**WHAT IS NEEDED**:
Reproduce all the data exactly, without pictures.

**SUPPLIED INFORMATION**:
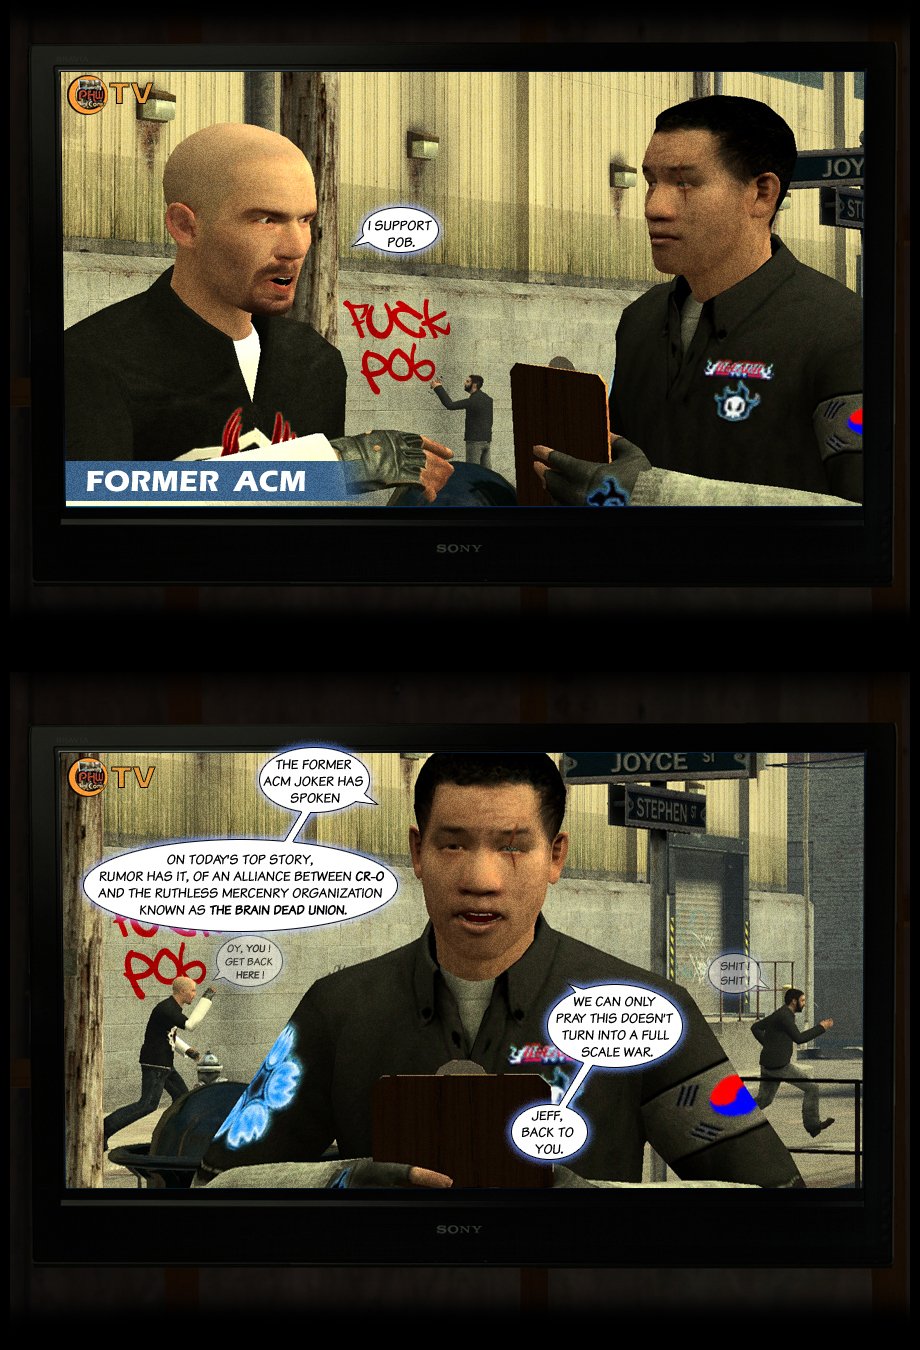 On TV, Nexus Elite is interviewing PHW member and former Approved Comic Maker The Joker, who declares that he supports PoB. Behind them, FZE is making a graffiti on a wall that says Fuck PoB. Nexus turns to the camera and says that former ACM Joker has spoken and adds that today's top story is the rumor of an alliance between Cheap Rip-Off and the ruthless mercenary organization known as the Brain Dead Union. Behind him, Joker angrily chases after FZE. Nexus concludes that they can only pray this doesn't turn into a full scale war, and turns the emission back to Jeff. End of part 7.
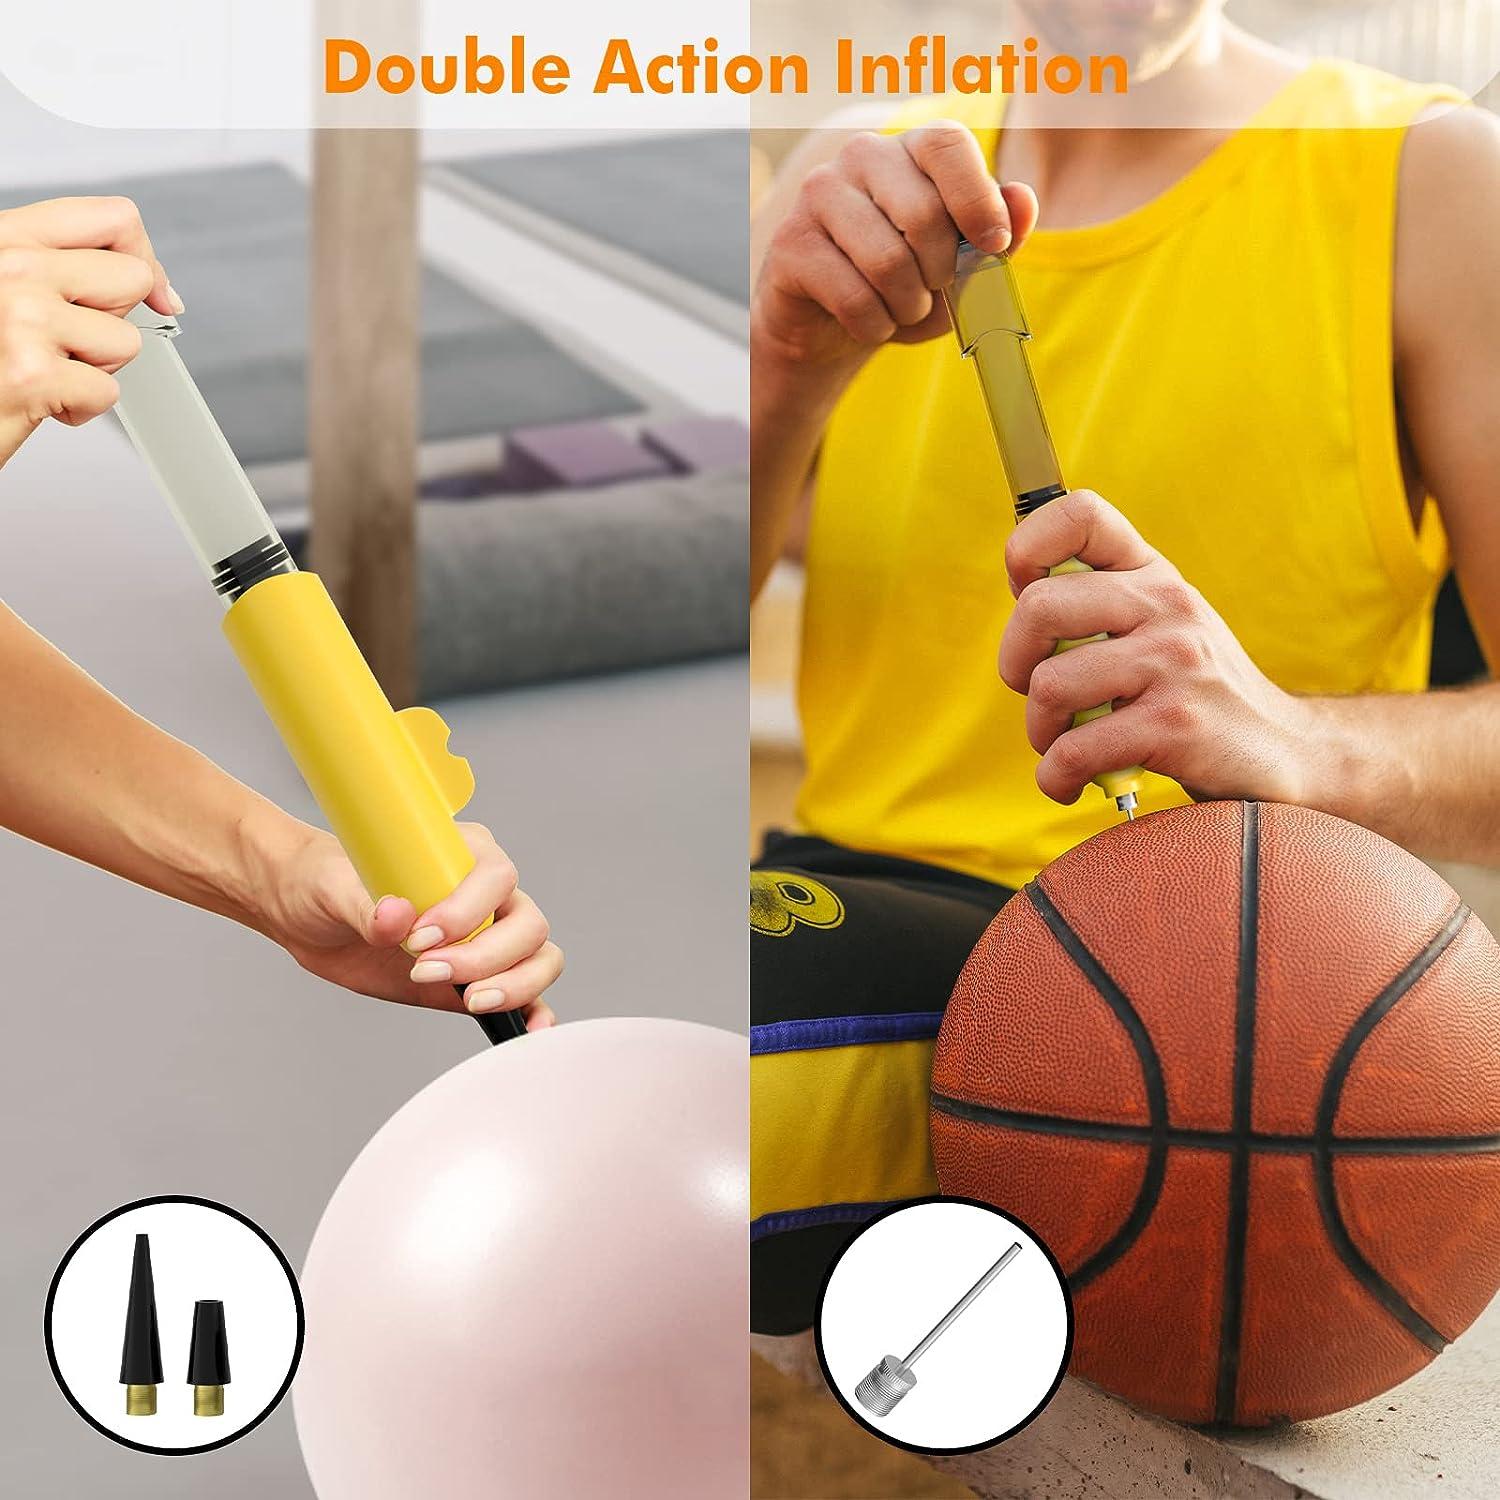 Amble Air Ball Pump for Basketball, Soccer Ball, Volleyball, Football,  Balloons Pump Inflator - Portable Hand Exercise Sports Ball Pump Kit with 5  Inflation Needles, Nozzle, Hose & Air Pressure Gauge Yellow
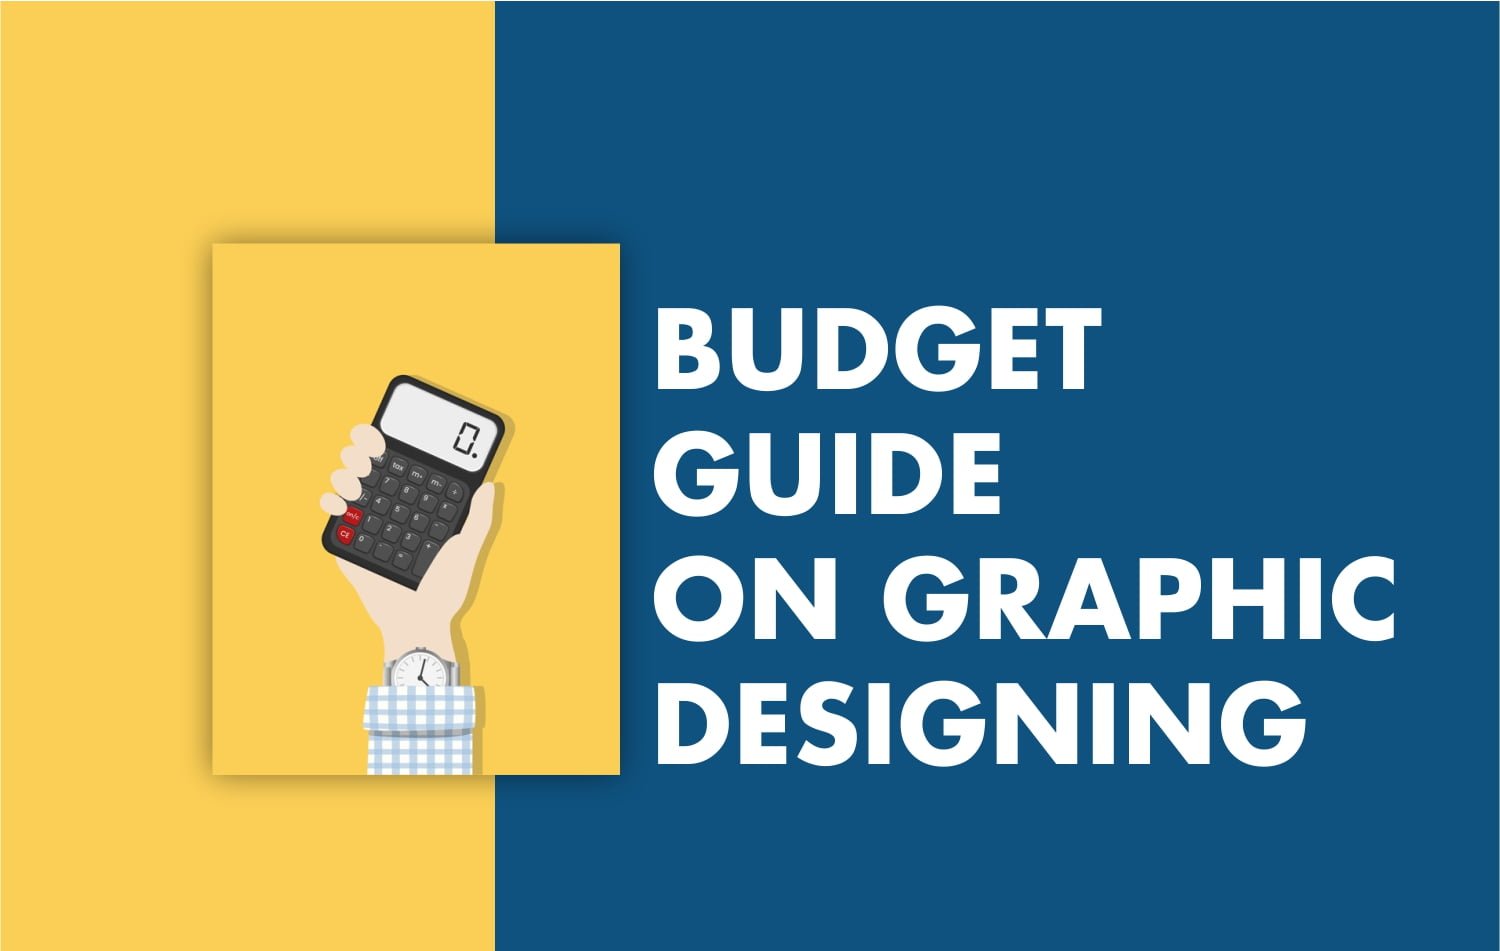 Budget Guide on Graphic Designing

**ANSWER SPACE**:
 On TV, Nexus Elite is interviewing PHW member and former Approved Comic Maker The Joker, who declares that he supports PoB. Behind them, FZE is making a graffiti on a wall that says Fuck PoB. Nexus turns to the camera and says that former ACM Joker has spoken and adds that today's top story is the rumor of an alliance between Cheap Rip-Off and the ruthless mercenary organization known as the Brain Dead Union. Behind him, Joker angrily chases after FZE. Nexus concludes that they can only pray this doesn't turn into a full scale war, and turns the emission back to Jeff. End of part 7.
 Amble Air Ball Pump for Basketball, Soccer Ball, Volleyball, Football,  Balloons Pump Inflator - Portable Hand Exercise Sports Ball Pump Kit with 5  Inflation Needles, Nozzle, Hose & Air Pressure Gauge Yellow
 Budget Guide on Graphic Designing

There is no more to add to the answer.